Initially, abnormal returns are calculated from the adjusted closing price of the stock on the day of the announcement of a short position to the adjusted closing price of the stock on the day after the announcement (0,1). A short position is included in the sample on the first initial day it is announced and any change in the position thereafter until the position drops below 0,5%. However, as mentioned by Boehmer, Jones, & Zhang (2008) it may be relevant to look at the reaction of returns over a longer period of time instead of just looking at the day after the announcement. The market may take longer to react to the new information. Therefore, an additional period is analyzed which is the period (0,5). This period starts on the day of the announcement of the short sale and ends five days after the announcement. This period is calculated as cumulative returns.
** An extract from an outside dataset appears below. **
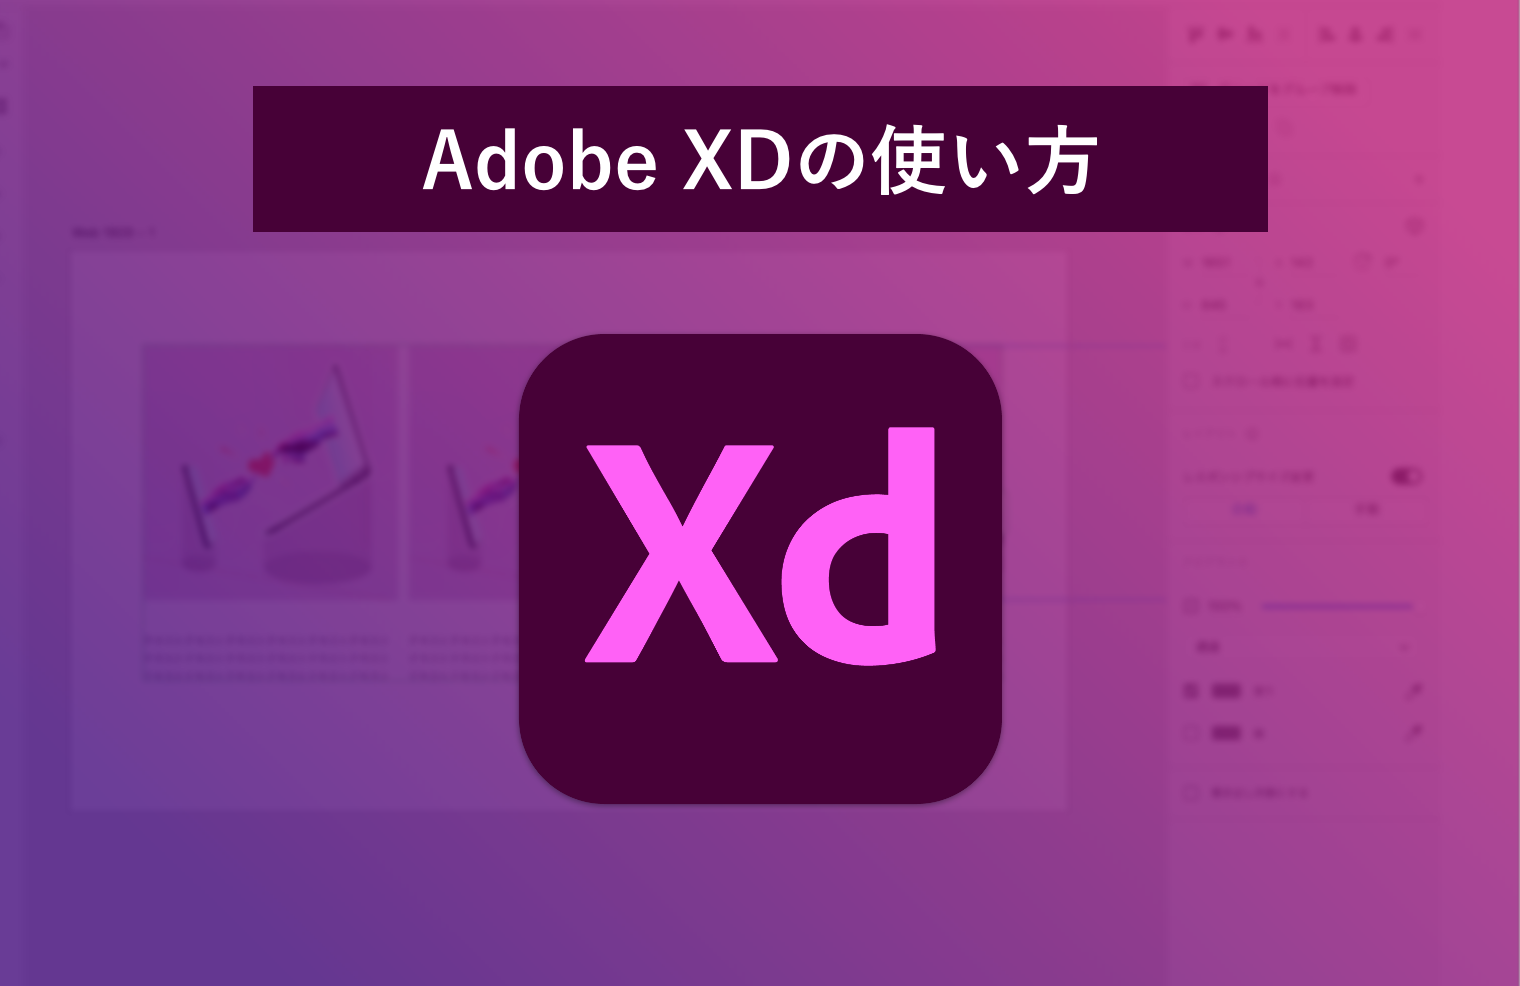 【基本機能】Adobe XDのまず知っておきたい使い方や基本知識を解説

An issue that may occur when looking at a longer period of time after the announcement is that there could be additional announcements of or changes to the short positions during this period. A contol variable is added to combat this as used by (Kersbergen, 2015). The control variable MULTIPLEi,t will count how many new or changed short positions are present in the periods (0,5; 0,10; 0,22).
5.4.1.2. Stock volatility
The most commonly used measure of stock return volatility is standard deviation. This statistic measures the dispersion of returns. Financial economists find the standard deviation to be useful because it summarizes the probability of seeing extreme values of return. When the standard deviation is large, the chance of large positive or negative return is large (Schwert, 1990). The standard deviation of daily returns is used as the measure for stock volatility. The calculation for VOLi,tis the standard deviation of the daily returns of company i
over period t (Christophe et al., 2010; Saffi and Sigurdsson, 2011). As mentioned before it may be interesting to look at different periods of volatility. Boehmer et al. (2008) look at returns of up to 20 days after the announcement of a short position. This study looks at three different periods of volatility. the first period looks at the volatility of the day of the
announcement until 5 days after the announcement (0,5). The second period looks at the day of the announcement until 10 days after the announcement (0,10). The final period looks
33 at the day of the announcement until 22 days after the announcement (0,22). Based on the data of the study, the standard deviation values are scaled because they come from different time periods. For example, one standard deviation is calculated over a 10 day period whilst another is calculated over a 5 day period. Scaling them with a certain factor allows for the final values to be compared on an equal level. In this study the values are annualized (Saffi and Sigurdsson, 2011). The model to test stock volatility is slightly adjusted, as mentioned before some autoregressive elements are added. The regression formula is as follows:
VOLi,t= α + β1SHORTi,t+ β2MCAPi+ β3BTMi+ β4OPTIONSi+ β5LEVi
+ β6MULTIPLEi+ β7VOLWEEKi,t-5,-1+ β8VOLMONTHi,t-22,-1+ εi,t
These autoregressive variables take into account the autoregressive nature of stock volatility as mentioned by Corsi (2009). It is described that volatility is influenced by its own past values. For example, tomorrow‟s daily volatility can be partly explained by today‟s volatility, last week‟s volatility, and last month‟s volatility. As this study uses less frequent data than daily volatility, only control variables for the previous week‟s volatility and the previous month‟s volatility are included. The variable VOLWEEKi,t-5,-1 controls for the previous week‟s volatility by calculating the standard deviation of daily adjusted closing stock prices of company i over the previous five days t-5,-1 before the announcement of the short position. The variable VOLMONTHi,t-22,-1 controls for the previous month‟s volatility by calculating the standard deviation of daily adjusted closing stock prices of company i over the previous twenty-two days t-22,-1 before the announcement of the short position. Both these variables are also annualized.